Data provided:

● ● ● ●

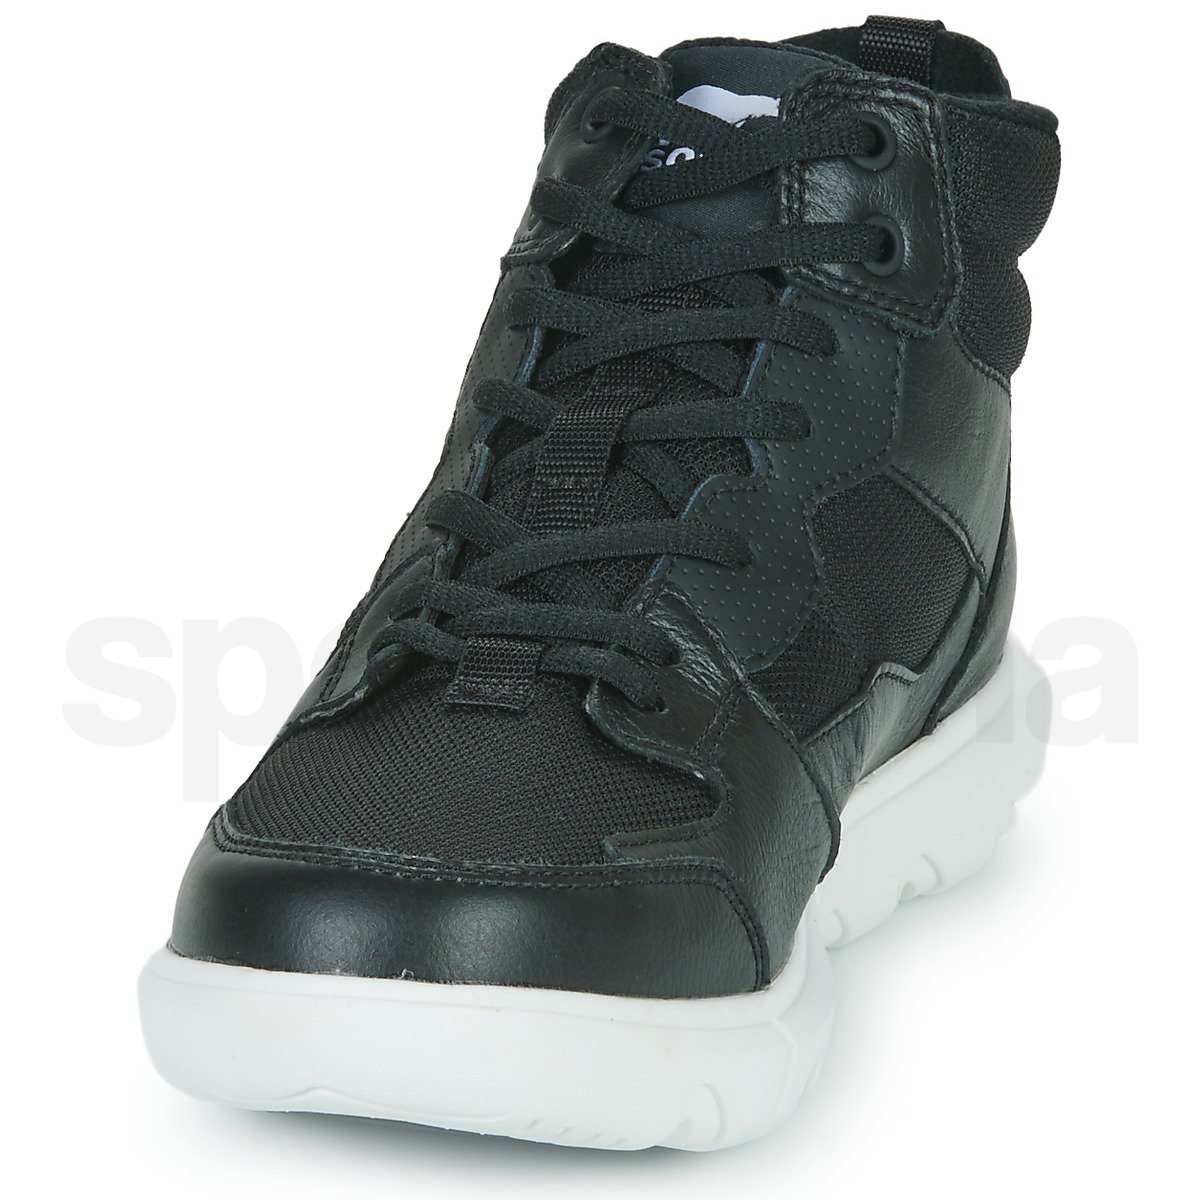 Obuv Sorel Explorer™ II Sneaker Mid WP W - černá/bílá
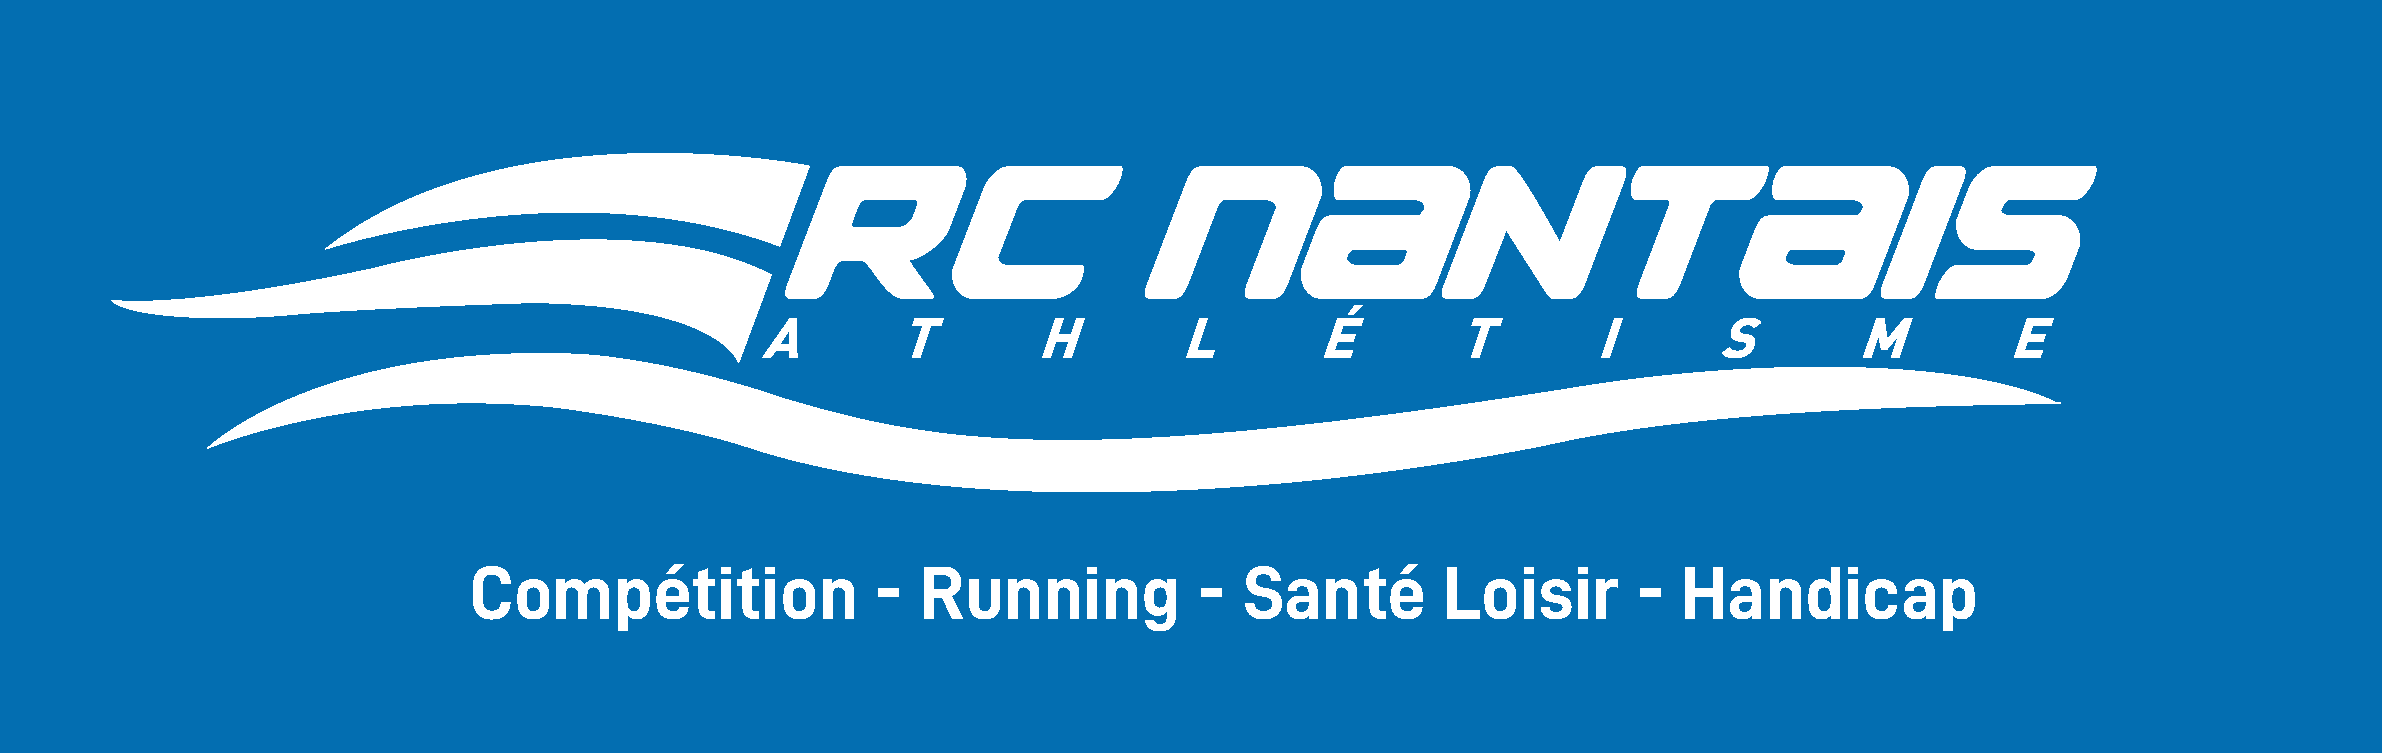 Logo RCN banner
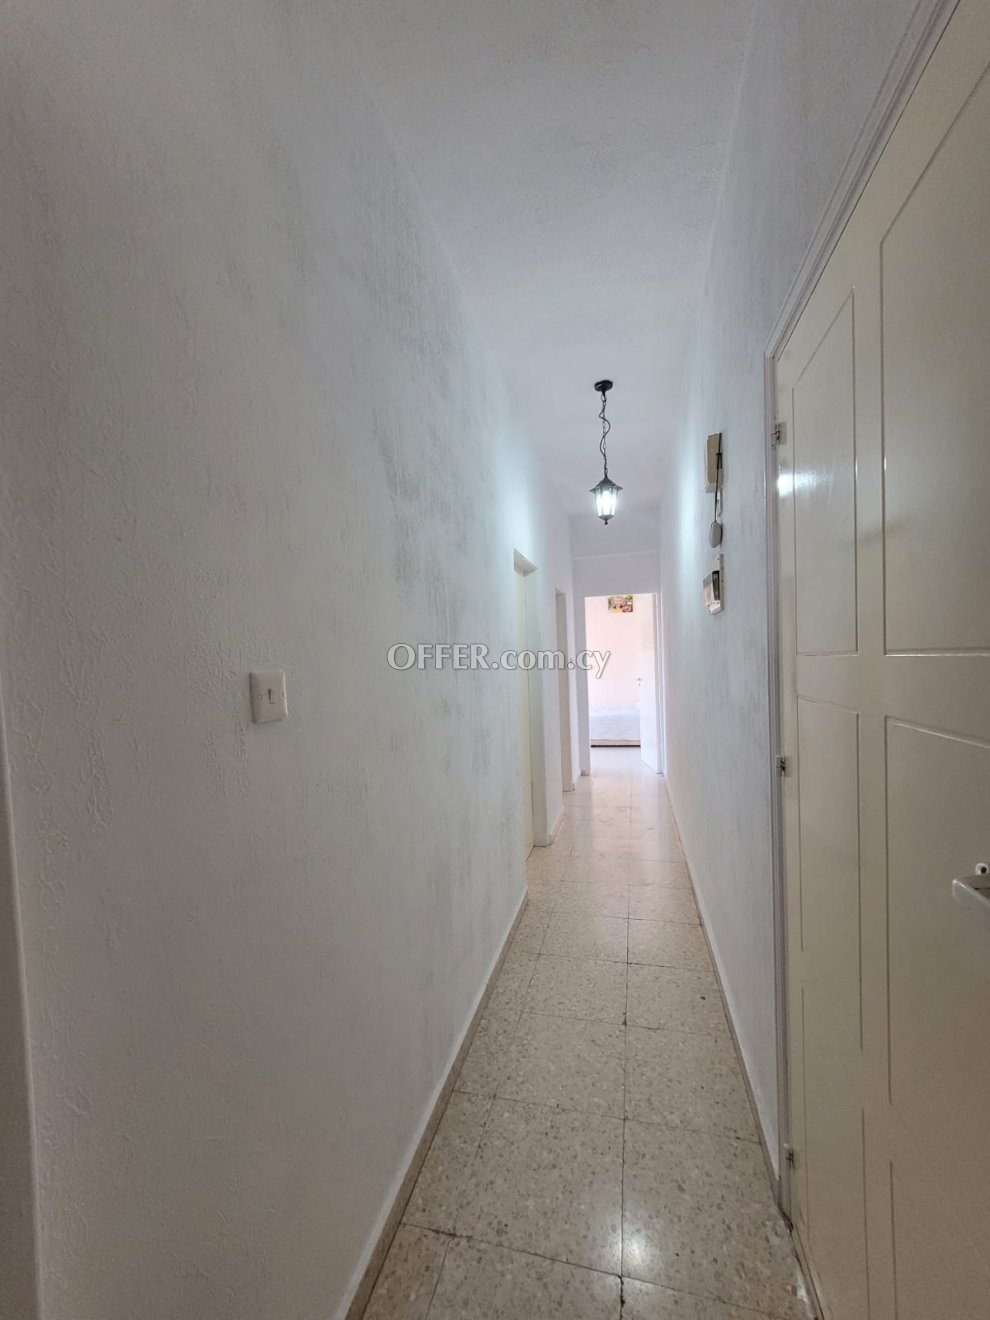 New For Sale €135,000 Apartment 2 bedrooms, Oroklini, Voroklini Larnaca - 8
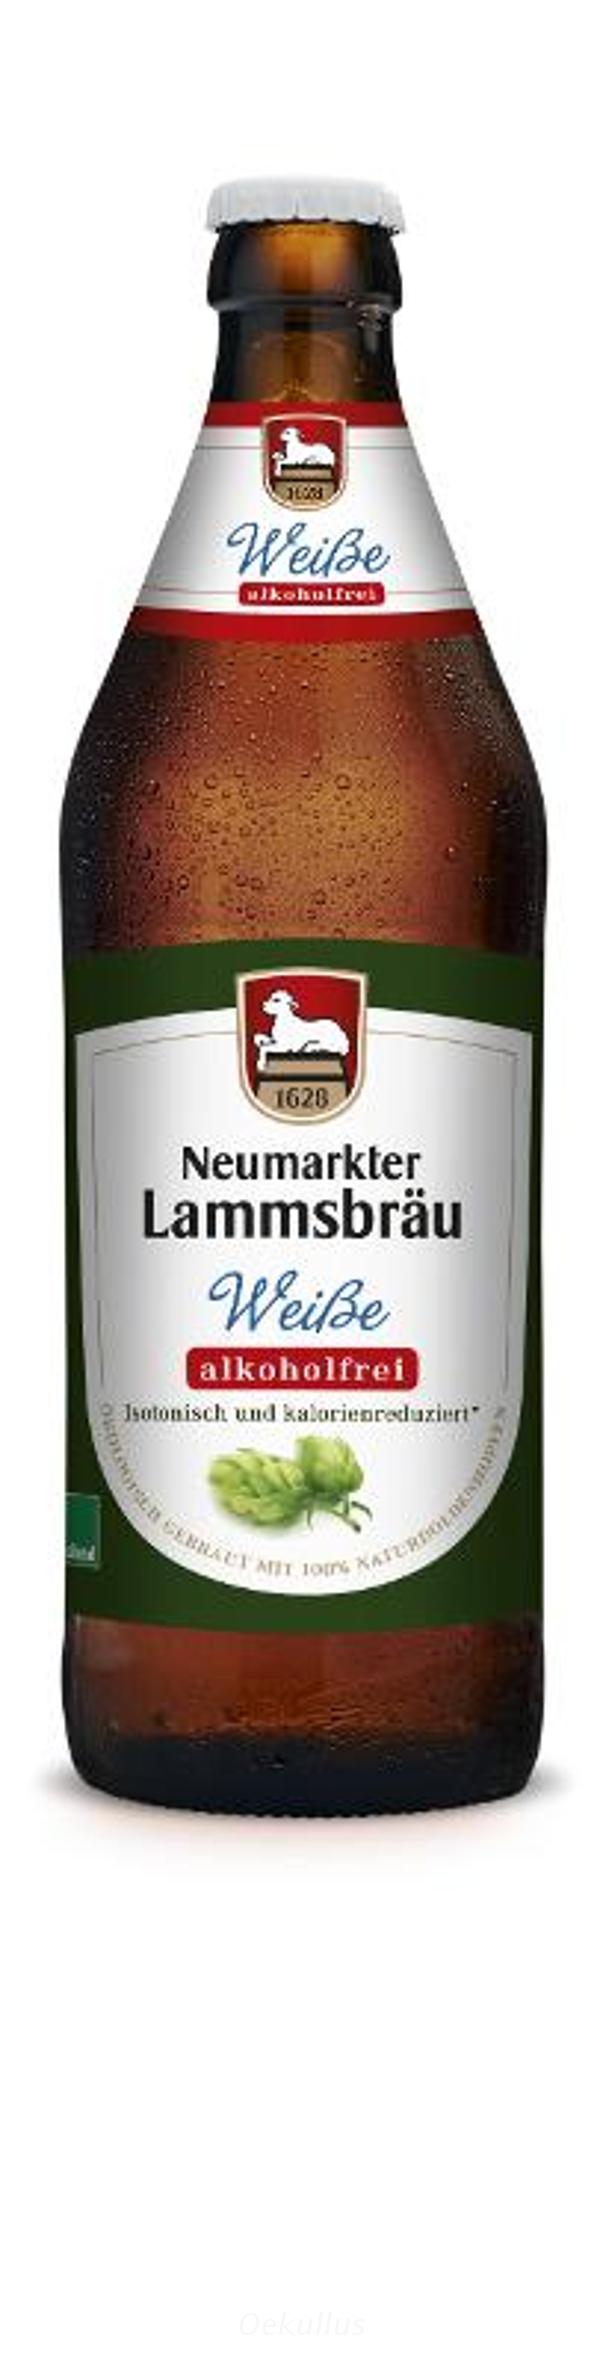 Produktfoto zu Weiße Lammsbräu alkoholfrei KISTE (10 x 0,5l)

● ● ● ●

About this task: Please retype the lines from the one that contains "Logo RCN banner" through the final line of the data, both included, without any pictures.

Answer box:
 Logo RCN banner
 New For Sale €135,000 Apartment 2 bedrooms, Oroklini, Voroklini Larnaca - 8
 Produktfoto zu Weiße Lammsbräu alkoholfrei KISTE (10 x 0,5l)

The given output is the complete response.